Only urban areas affected

The new UDO makes few changes to the suburban-style neighborhoods that encompass 70 percent of the city. It’s business as usual for the developers of subdivisions certain to continue on Raleigh’s outskirts. The new guidelines focus on key urban districts like downtown, Hillsborough Street, Cameron Village and Crabtree Valley. “Those are the areas you’ll see change,” Stephenson said.

The guidelines – far more specific than current rules – govern everything from open spaces to bike parking, even determining how close buildings should be to the street. The city council has been meeting weekly since September to iron out the details, and the result should make the approval process smoother for new developments, Planning Director Mitchell Silver said.

Straightforward guidelines will reduce the need for contentious negotiations between developers and neighbors. “Neighborhoods will not have to fight those battles,” Silver said.

Raleigh leaders admit the new code leaves one missing puzzle piece for growth: public transit. That hinges on the half-cent sales tax increase that mayors from throughout Wake County are lobbying for. County commissioners have been reluctant to put the proposal on the ballot.

“If it still ends up being more convenient to get in your car, it’s going to get more difficult to redevelop in these areas,” Stephenson said, pointing to increasing traffic issues. “The whole council sees that challenge ahead.”

The council also considered a proposal to make existing neighborhoods denser by allowing backyard cottages or “granny flats,” popular for elderly relatives and young renters. That plan got nixed last week after attracting more opposition than any other aspect of the new code.

Other new development requirements have passed with little fanfare. Here are a few of the highlights:

Subtler skyscrapers: Pedestrians walking past Raleigh’s tallest building, the PNC Plaza tower, are confronted with a 33-story-high wall next to the sidewalk. Future high-rise buildings could get even taller, but they’d look different at the street level. The section of the building closest to the street will have to be shorter, eliminating some of the canyon effect. “The intent there is to allow more light and air onto the street,” Silver said.

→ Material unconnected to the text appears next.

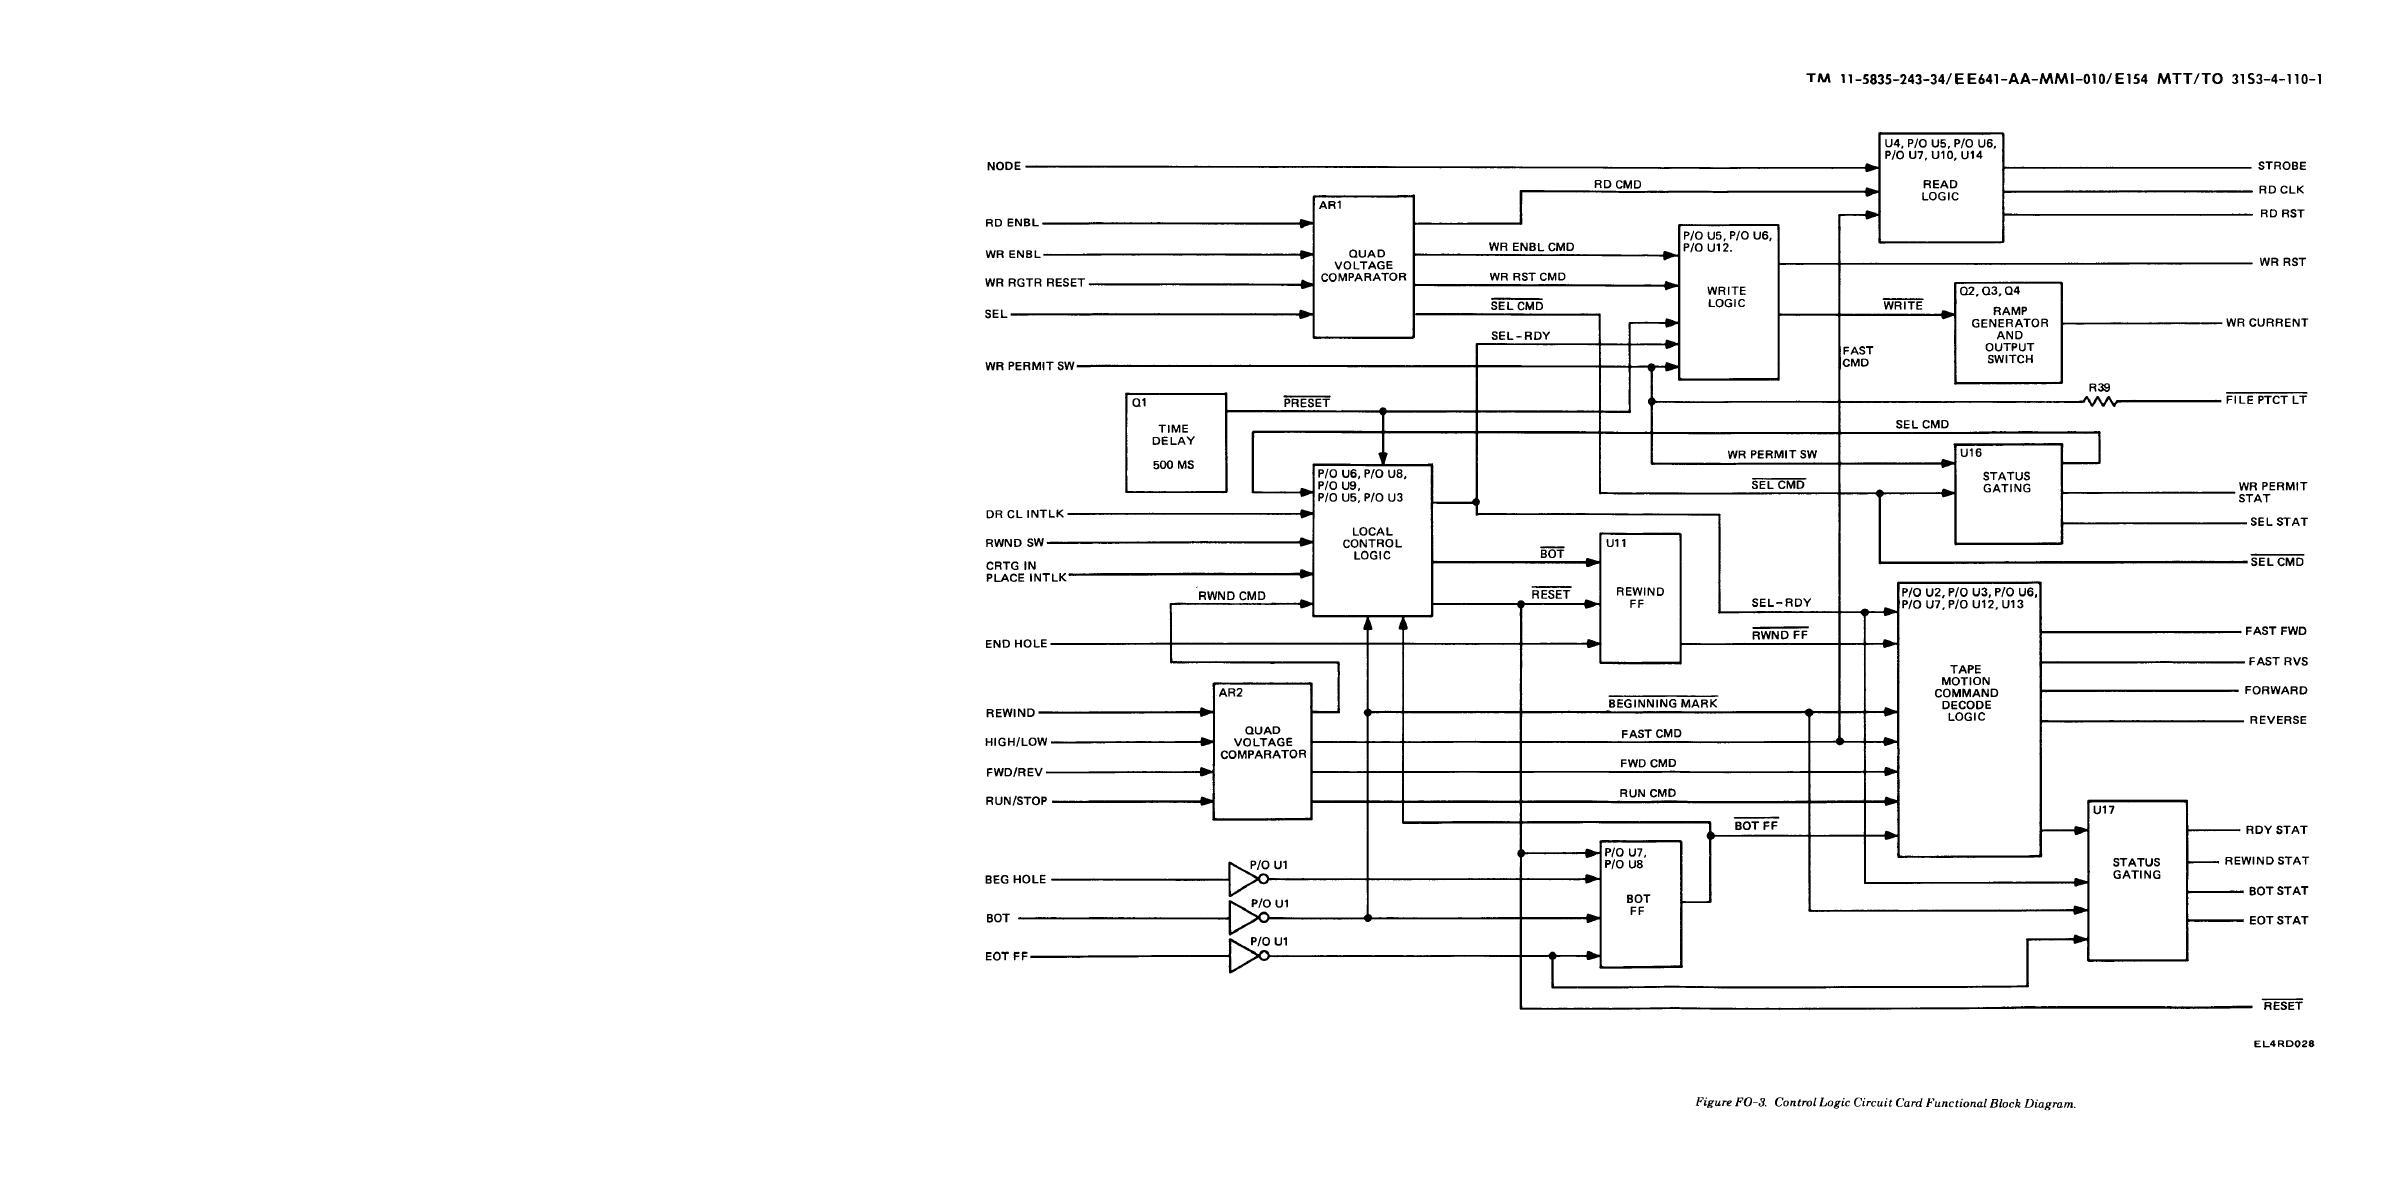 Logic Circuit Page 3 : Digital Circuits :: Next.gr
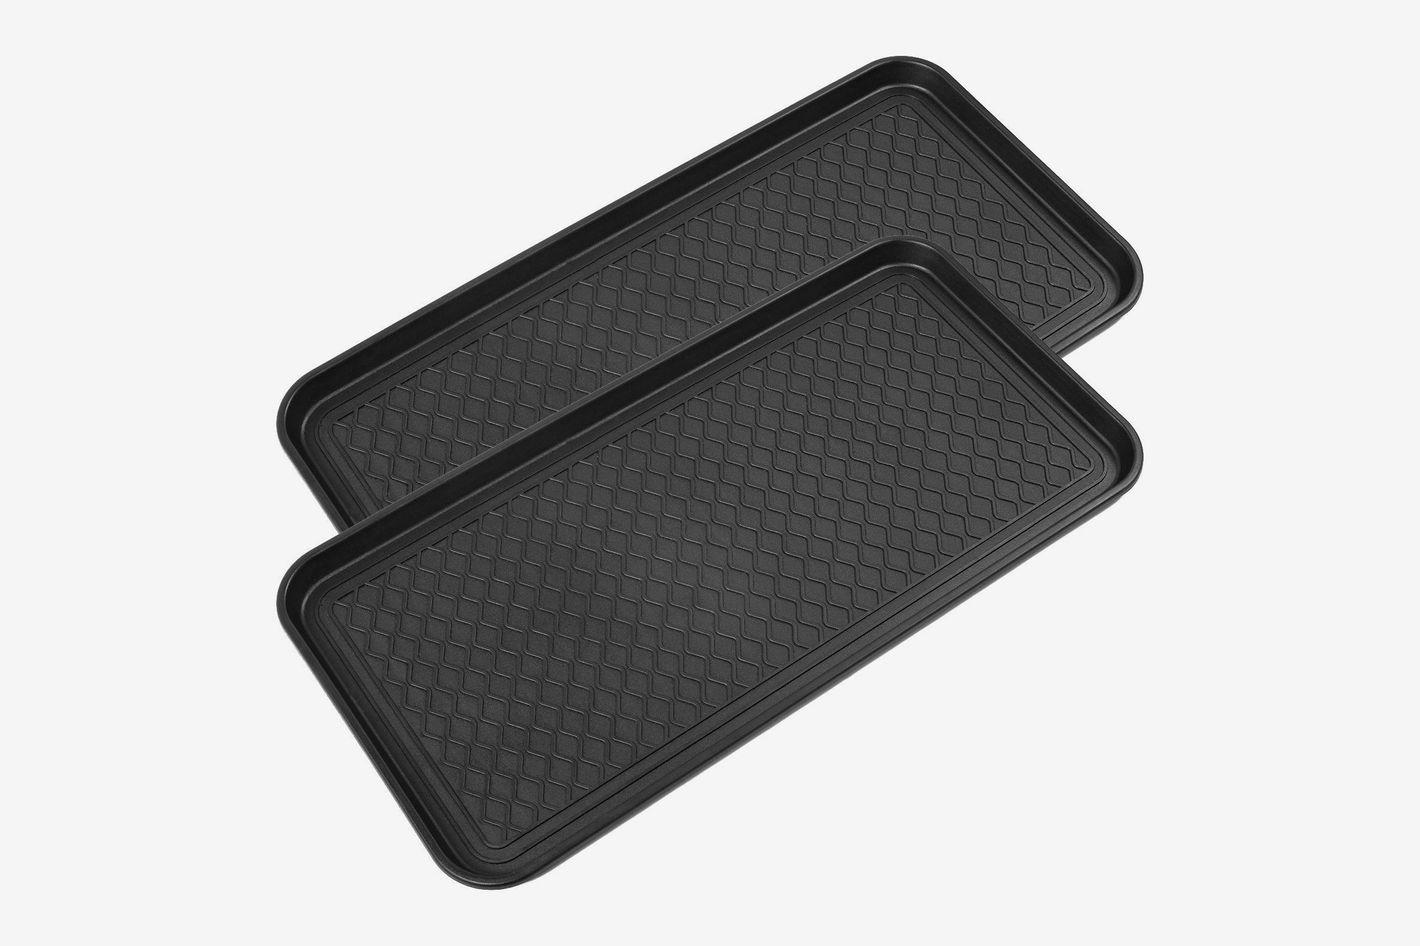 "California Home Goods Multi Purpose Black Boot Tray (30"" x 15"") — 2-Pack"

Transitioning to neighborhoods: Residents can get antsy when a commercial or multi-family development crops up at the edge of their neighborhood. To make sure the newcomers don’t harm home values, the new code has specific requirements for separating them from houses. The details vary based on the size, type and location of the commercial development. “In some cases, it’s a fence; in other cases, it’s a landscape buffer,” Silver explained.

More open spaces: The code doubles the percentage of open space required for developments in downtown and other high-density districts. The space must equal 10 percent of the overall building square footage. In the past, developers have used creative options to meet the requirement. The PNC Plaza building put in a rooftop pool area, while the Wells Fargo tower has open space around its entrances and for patio seating at Cafe Carolina. City leaders hope to encourage more privately owned outdoor public spaces like the eatery’s patio.

Smaller parking lots: The new guidelines reduce the minimum number of parking spaces required in many developments – another shift away from car-centric growth. Some businesses could pair up with neighbors that have different hours of operation. “The intent was to provide more options for shared parking,” Silver said. Also, most mixed-use districts will require parking lots in the back, with buildings encouraged to locate close to the street.

Heights vary: Developers will get clearer guidelines for how tall they can go, avoiding drawn-out debates like the one that surrounded a seven-story apartment proposal on Hillsborough Street this year. In Midtown, the maximum will be 20 stories. Downtown buildings top out at 40 floors. Until now, developers had to get city approval for each project taller than three stories.

Better sidewalks, bike facilities: The UDO sets design standards for all new roads to be built in the city. All streets will have sidewalks – some of them wider – and many types of roads will have bike lanes. Also, dedicated bike parking could be required in some developments. “The bicycling public, they’ll see more bicycling infrastructure in place,” Silver said.